_Records provided_:
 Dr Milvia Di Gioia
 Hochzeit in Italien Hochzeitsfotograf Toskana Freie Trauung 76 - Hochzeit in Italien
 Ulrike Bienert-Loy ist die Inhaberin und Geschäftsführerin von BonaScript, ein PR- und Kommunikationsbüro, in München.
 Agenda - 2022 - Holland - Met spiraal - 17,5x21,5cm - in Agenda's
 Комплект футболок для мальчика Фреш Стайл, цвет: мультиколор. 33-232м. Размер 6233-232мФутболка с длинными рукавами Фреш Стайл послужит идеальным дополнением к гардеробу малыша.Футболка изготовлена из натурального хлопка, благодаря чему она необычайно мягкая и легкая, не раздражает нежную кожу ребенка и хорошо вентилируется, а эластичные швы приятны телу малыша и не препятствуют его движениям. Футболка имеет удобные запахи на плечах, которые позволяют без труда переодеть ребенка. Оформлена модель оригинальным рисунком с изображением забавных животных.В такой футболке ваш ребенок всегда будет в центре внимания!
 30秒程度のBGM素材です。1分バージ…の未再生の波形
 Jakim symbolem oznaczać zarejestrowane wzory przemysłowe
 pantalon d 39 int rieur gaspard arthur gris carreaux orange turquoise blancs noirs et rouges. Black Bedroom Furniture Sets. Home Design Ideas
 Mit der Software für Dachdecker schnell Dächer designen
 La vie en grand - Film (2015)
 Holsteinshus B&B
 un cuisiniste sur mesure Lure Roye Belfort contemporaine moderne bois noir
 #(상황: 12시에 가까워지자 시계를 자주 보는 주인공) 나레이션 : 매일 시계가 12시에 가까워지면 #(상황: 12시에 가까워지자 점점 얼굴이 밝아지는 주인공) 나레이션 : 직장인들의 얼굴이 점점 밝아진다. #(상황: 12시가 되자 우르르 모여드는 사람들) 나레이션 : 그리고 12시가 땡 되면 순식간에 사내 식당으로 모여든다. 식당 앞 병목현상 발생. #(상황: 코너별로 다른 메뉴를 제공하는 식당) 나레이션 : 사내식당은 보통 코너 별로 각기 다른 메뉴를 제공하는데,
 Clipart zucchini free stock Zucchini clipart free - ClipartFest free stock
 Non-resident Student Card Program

_What you will do_: Your task is to output exactly the lines running from the one with "#(상황: 12시에 가까워지자 시계를" through the final line of the material above, with both ends included.

_Solved problem_:
 #(상황: 12시에 가까워지자 시계를 자주 보는 주인공) 나레이션 : 매일 시계가 12시에 가까워지면 #(상황: 12시에 가까워지자 점점 얼굴이 밝아지는 주인공) 나레이션 : 직장인들의 얼굴이 점점 밝아진다. #(상황: 12시가 되자 우르르 모여드는 사람들) 나레이션 : 그리고 12시가 땡 되면 순식간에 사내 식당으로 모여든다. 식당 앞 병목현상 발생. #(상황: 코너별로 다른 메뉴를 제공하는 식당) 나레이션 : 사내식당은 보통 코너 별로 각기 다른 메뉴를 제공하는데,
 Clipart zucchini free stock Zucchini clipart free - ClipartFest free stock
 Non-resident Student Card Program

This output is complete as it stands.